Ce mois-ci, l’assemblée législative de l’Ontario a voulu empêcher 55 000 travailleurs de l’éducation d’utiliser leur liberté de faire la grève en adoptant une loi assortie de la clause dérogatoire de la Charte canadienne des droits et libertés, ce qui mettait la loi à l’abri des tribunaux.
Par Michel LAGACÉ
Soulignons que la Charte ne protège pas le droit de grève comme tel. Il découle plutôt d’une décision de la Cour suprême de 2015 qui a élargi l’article de la Charte qui protège la liberté d’association pour y inscrire le droit de grève. Il s’agit d’une des libertés que la clause dérogatoire permet d’ignorer (1).

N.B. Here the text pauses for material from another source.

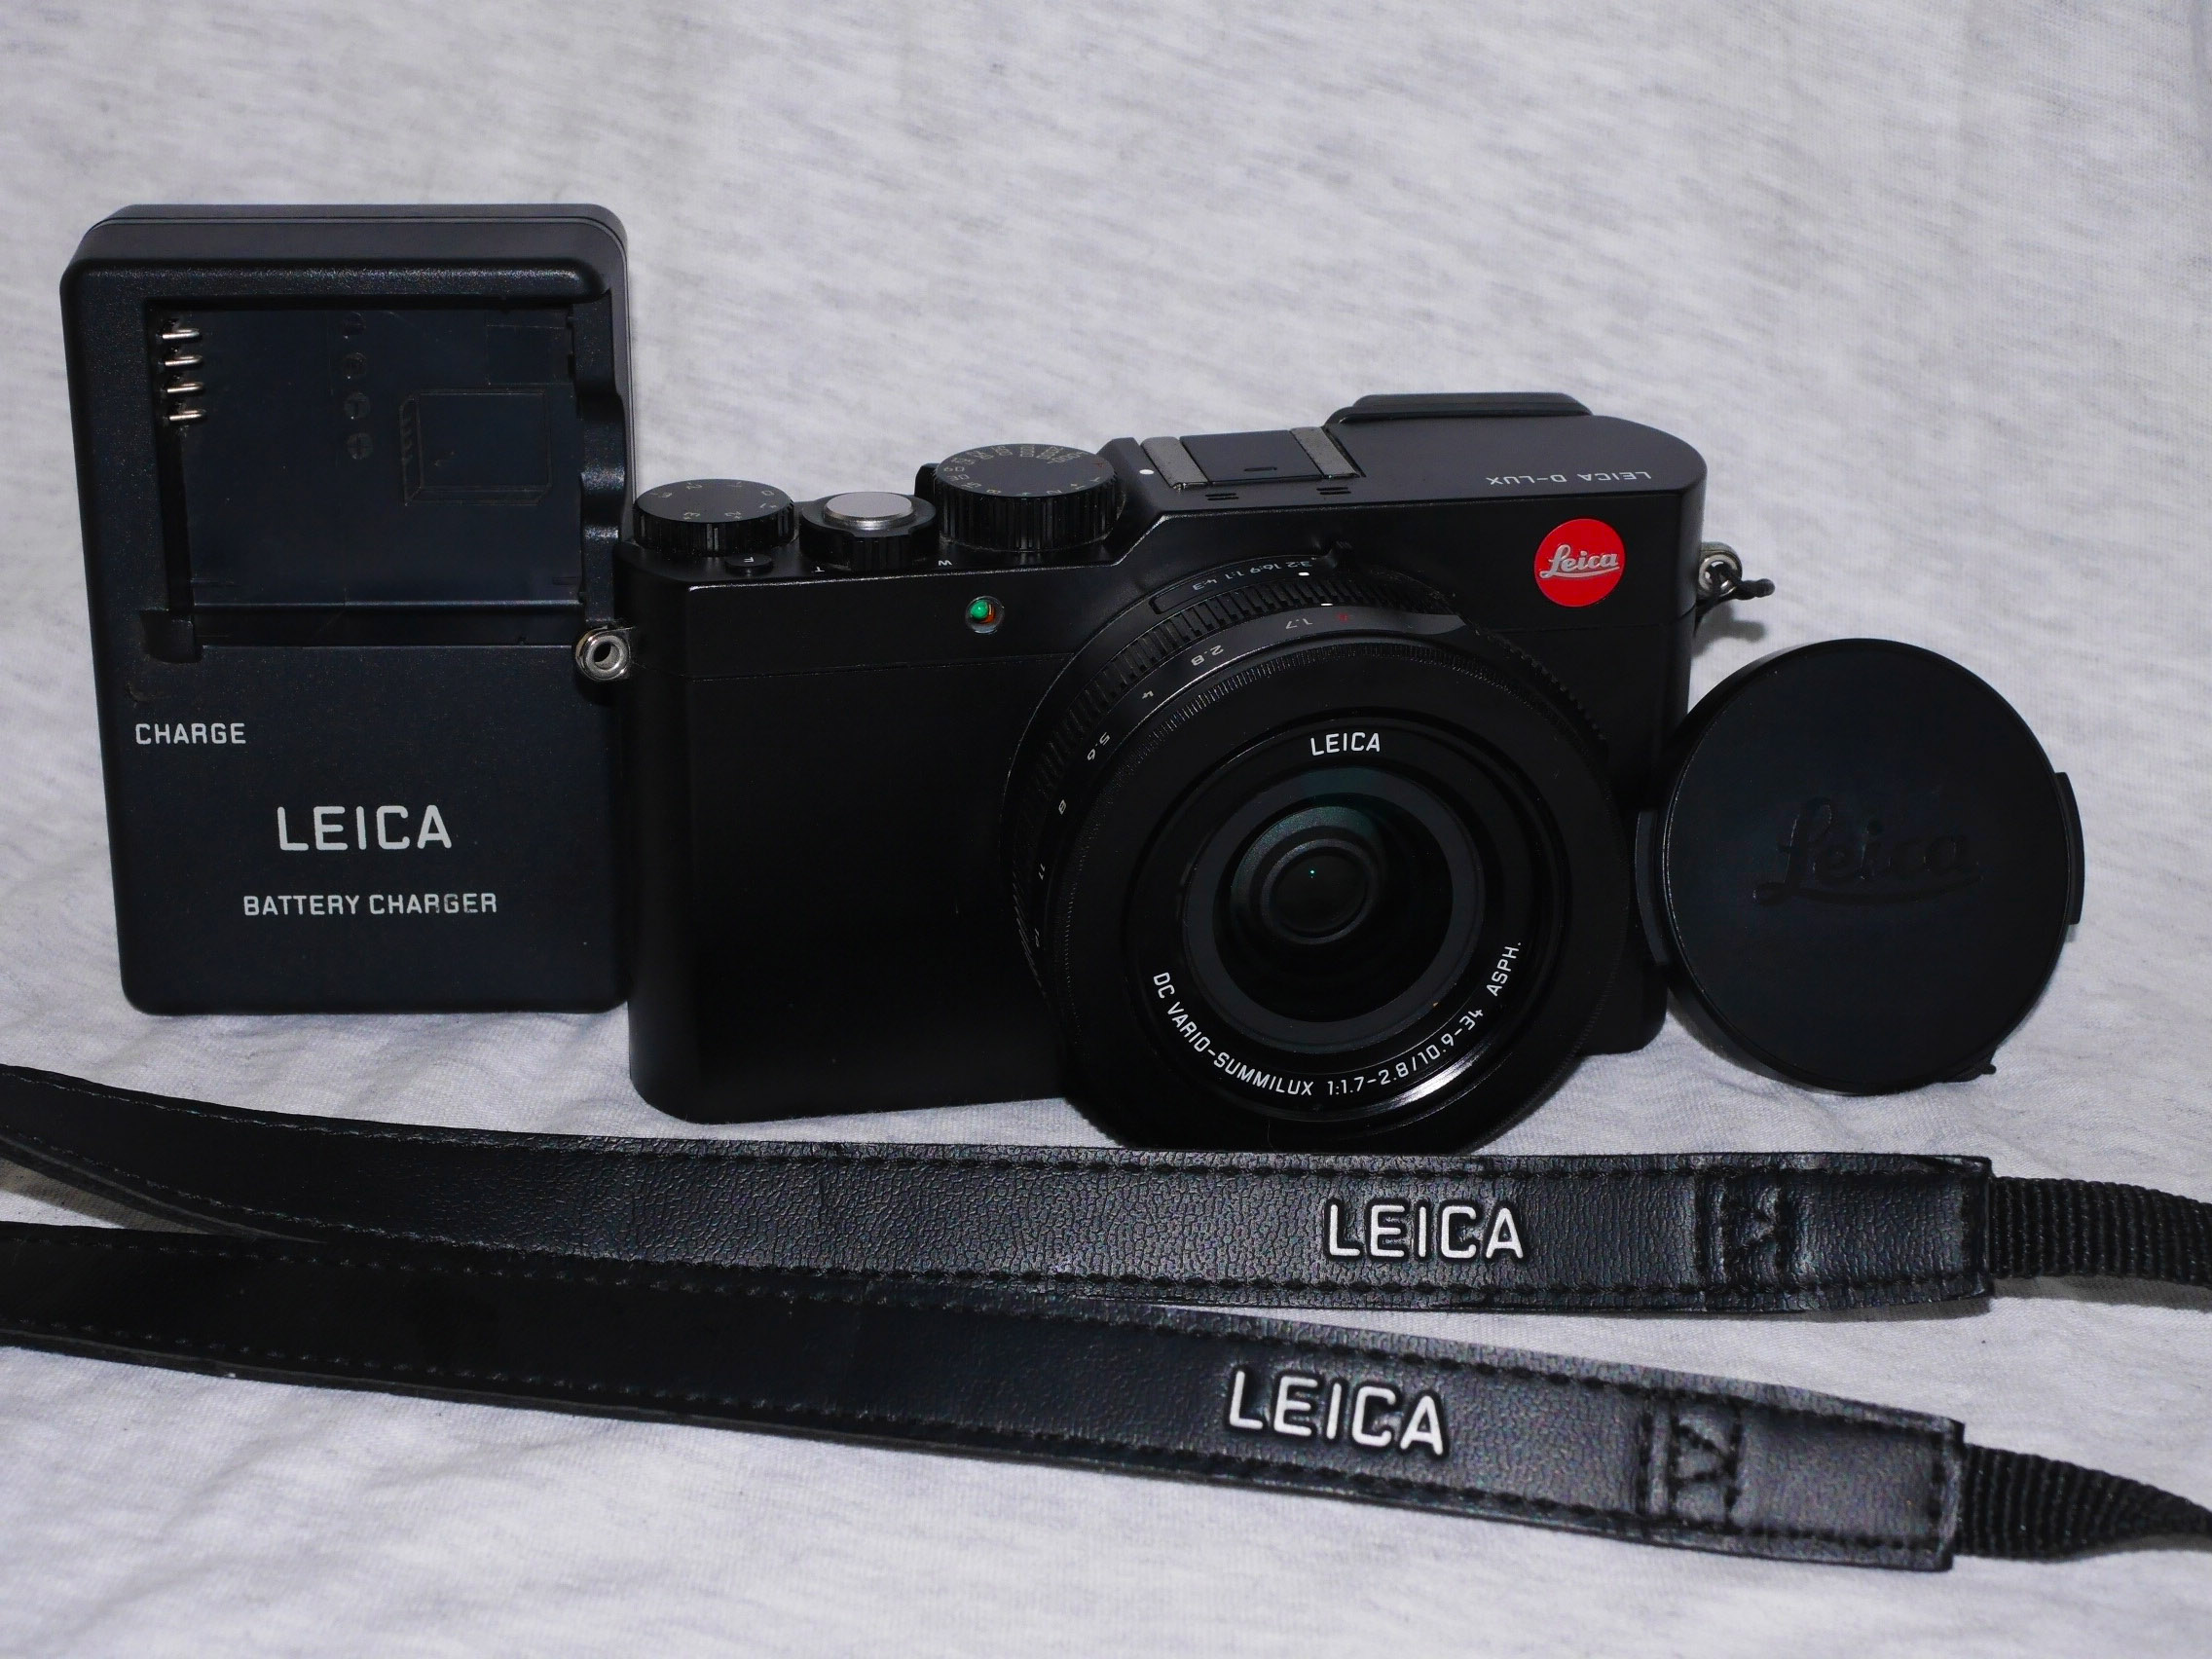 Leica D-Lux Type 109 Typ 109 4K Video Wi-Fi NFC camera with LEICA DC Vario-SUMMILUX 24-75mm F1.7-2.8 Lens, Leica D Lux Type-109, (Black) (18471)

Le mouvement syndical, voyant un précédent qui pourrait éviscérer le pouvoir de négociation de tous les syndicats du secteur public, s’est vivement opposé à la loi ontarienne. Et un large courant de parents, conscients que les syndiqués les moins bien payés rendaient d’importants services à leurs enfants dans les écoles, ont globalement appuyé les travailleurs. Face à cette forte opposition, le gouvernement de Doug Ford a retiré sa loi.
Au Québec, par contre, l’utilisation préventive de la clause dérogatoire lors de l’adoption en 2019 de la loi 21 sur la laïcité et, en 2022, de la loi 96 sur la langue officielle et commune du Québec, a reçu un très large appui de la population, malgré les critiques qui en ont été faites. Le gouvernement de François Legault n’a pas eu à reculer.
Voulue pour protéger les minorités contre les abus de la majorité, la Charte ne peut pas assurer nos droits, autrement dit nos libertés, si les gouvernements utilisent la clause dérogatoire quand bon leur semble. Fruit d’un compromis avec les premiers ministres qui favorisaient la primauté du politique sur le juridique, elle est maintenant utilisée avant même que les tribunaux ne se soient prononcés sur la validité d’une loi.
Le gouvernement de l’Ontario a retiré sa loi non pas pour respecter la Charte mais bien pour calmer l’opinion publique. Au Québec, le gouvernement n’est pas revenu sur sa décision d’utiliser la clause dérogatoire justement parce qu’un large segment de la population l’appuyait.
Dans ces deux cas, l’opinion publique, et non pas la Charte, a été déterminante. Si la dérive se poursuit, nous risquons de perdre de vue l’État de droit que la Charte est censée consolider pour que nos libertés ne soient pas soumises à la loi du plus fort, c’est-à-dire à l’arbitraire de la majorité.
(1) Parmi les droits que les législatures ne peuvent pas ignorer se trouvent les droits démocratiques comme le droit de vote, et les garanties juridiques comme la protection contre la détention ou l’emprisonnement arbitraires.